Practical steps for decision‑makers
Policymakers: Prioritise enforcement budgets, cross-border coordination on procurement, and public investment in sovereign compute and model evaluation capabilities.
Corporates: Audit AI exposures, incorporate child‑safety-by-design where relevant, and hedge vendor risk by specifying compliance and liability clauses in contracts.
Investors: Back infrastructure, audited model providers, and companies that can demonstrate regulatory-resilient product design and credible ethical governance.
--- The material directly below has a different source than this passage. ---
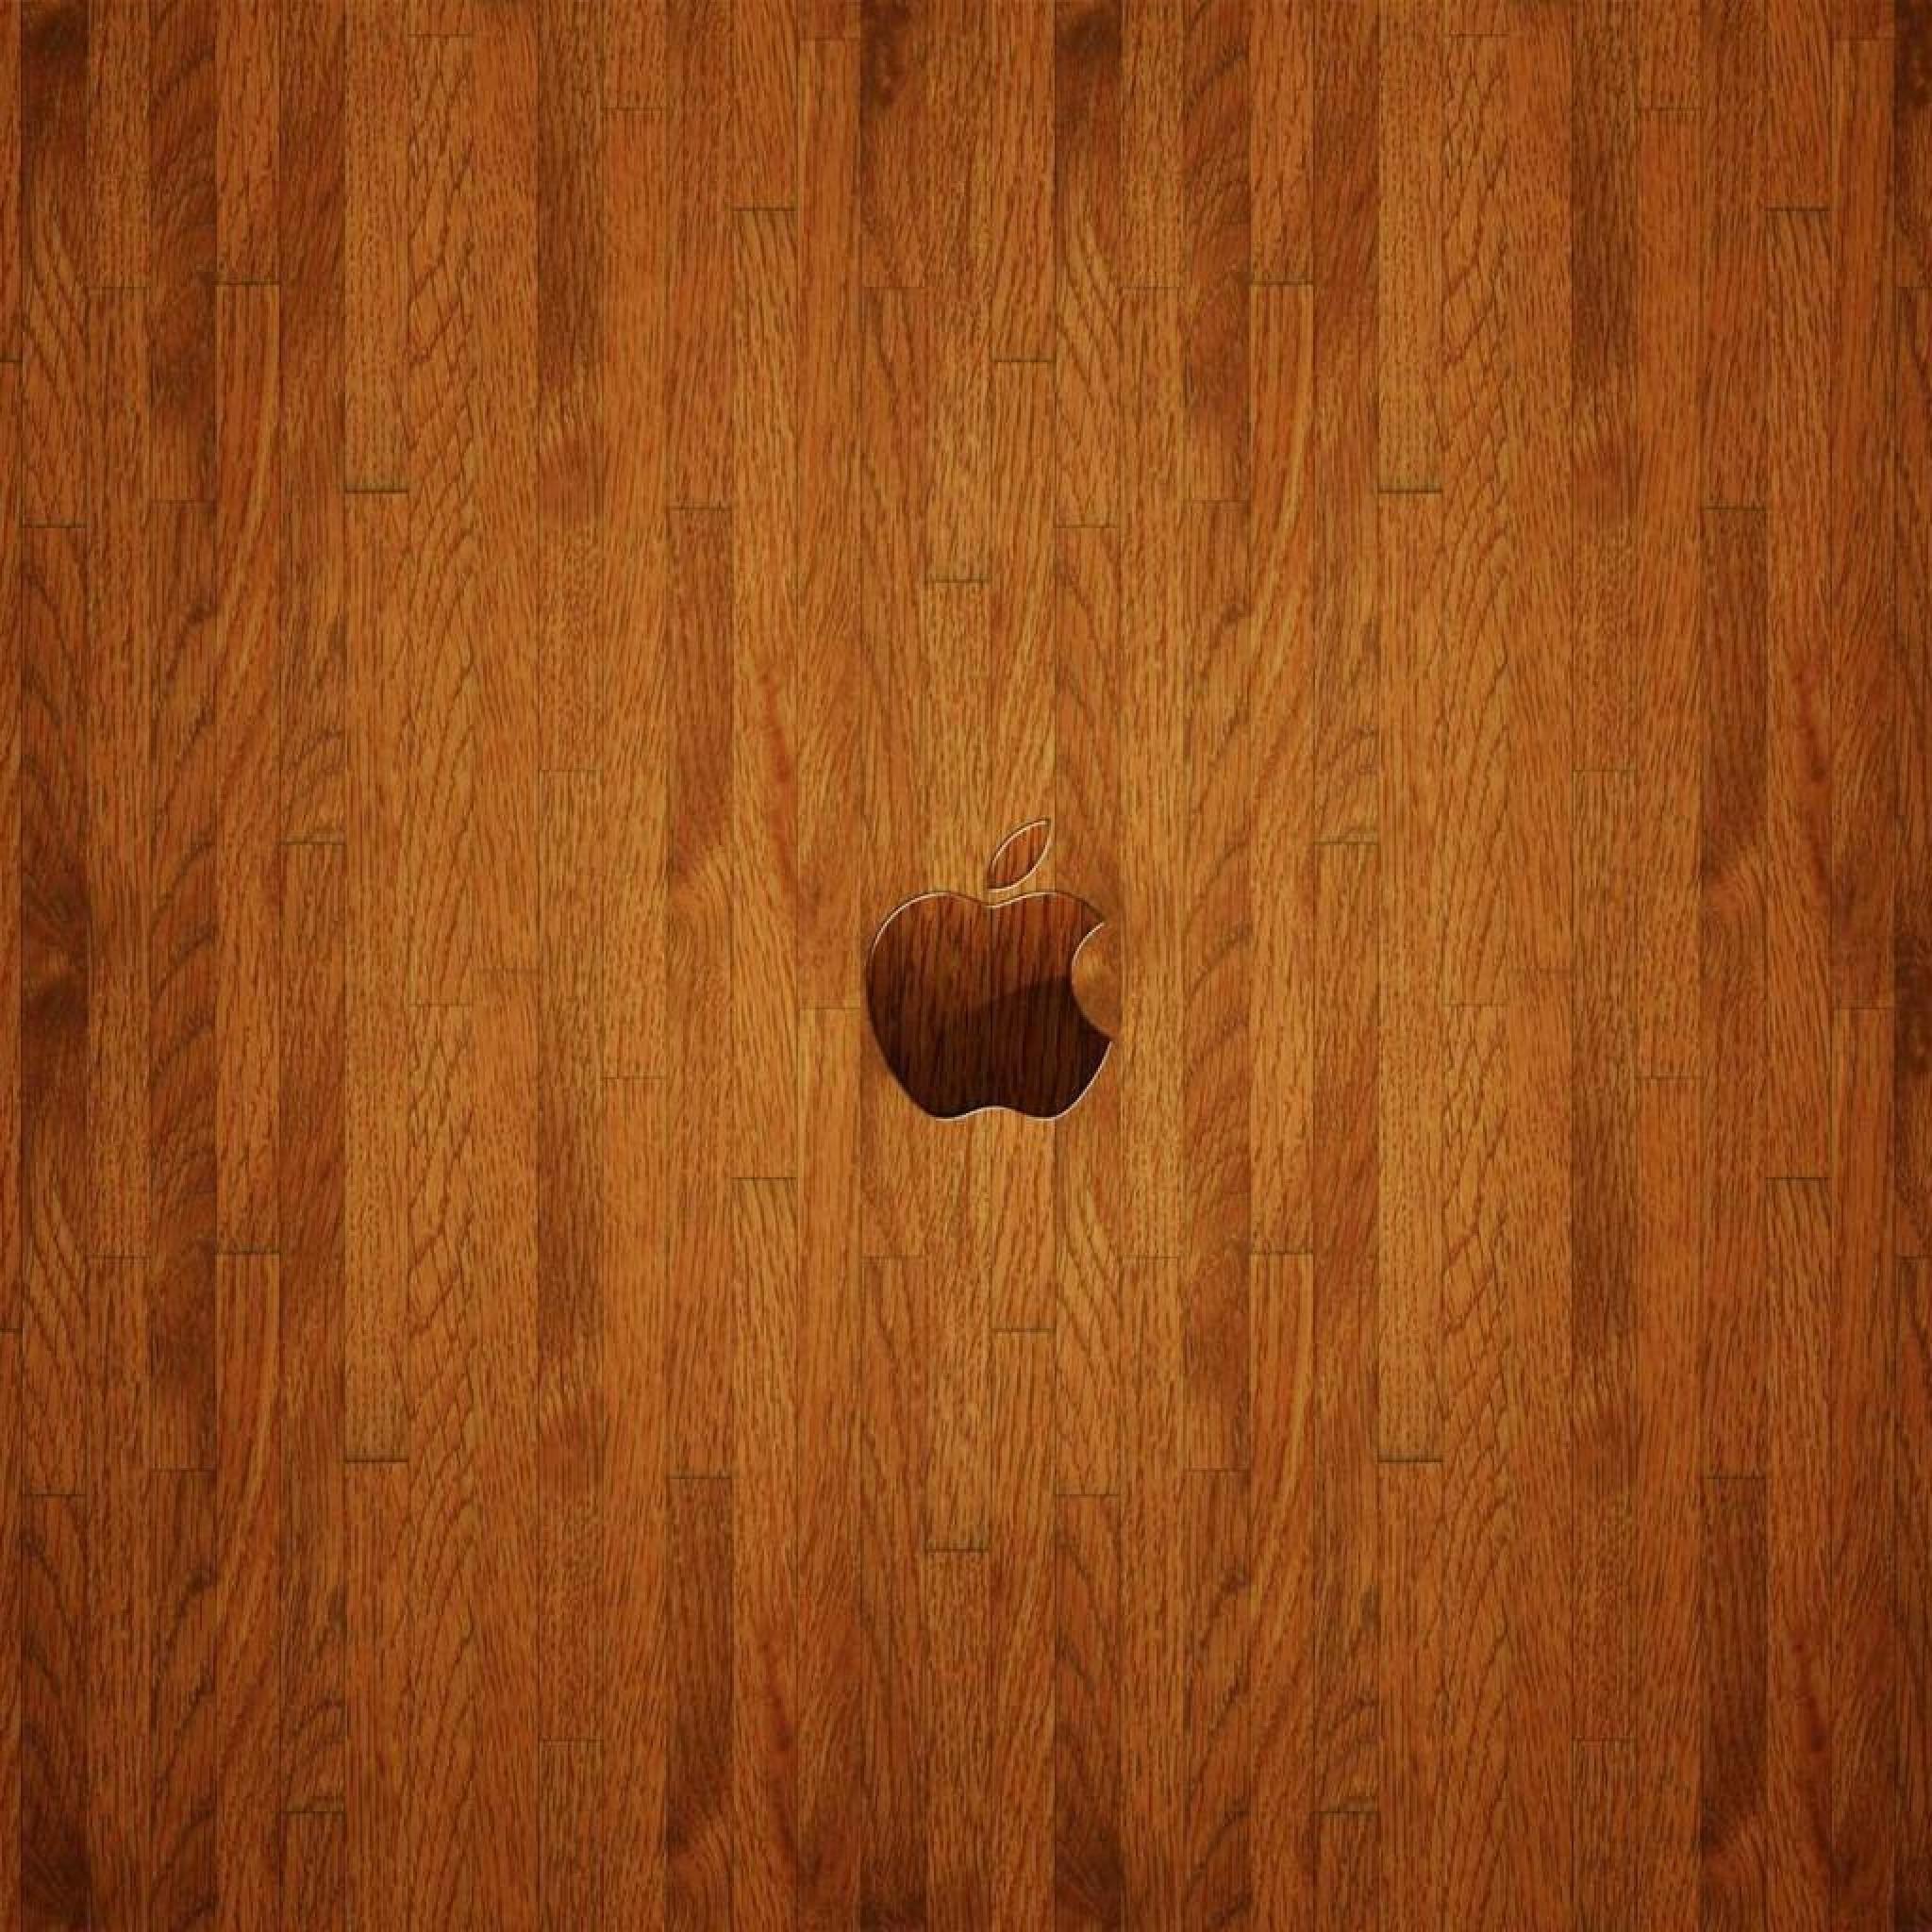 Res: 2048x2048, Apple Logo On Parquet Wood Floor

Conclusion — a narrow window to shape the future
The Copenhagen debate crystallises a simple reality: technological innovation will not pause for regulatory deliberation, and regulatory signals that lack enforcement will yield little protection or market advantage. Europe — and the Nordics within it — have a brief but consequential window to align regulation with industrial policy and public procurement, to invest in talent and compute, and to standardise audit and enforcement mechanisms. Doing so can both protect children and create commercial advantages for companies that can credibly claim trustworthy, sustainable AI.
For senior executives, investors and policymakers, the question is not whether AI will change childhoods or markets — it will — but who gets to set the terms under which change occurs. The next 12–24 months will be decisive for whether Europe shapes those terms or remains a follower in a world where design choices increasingly encode social values.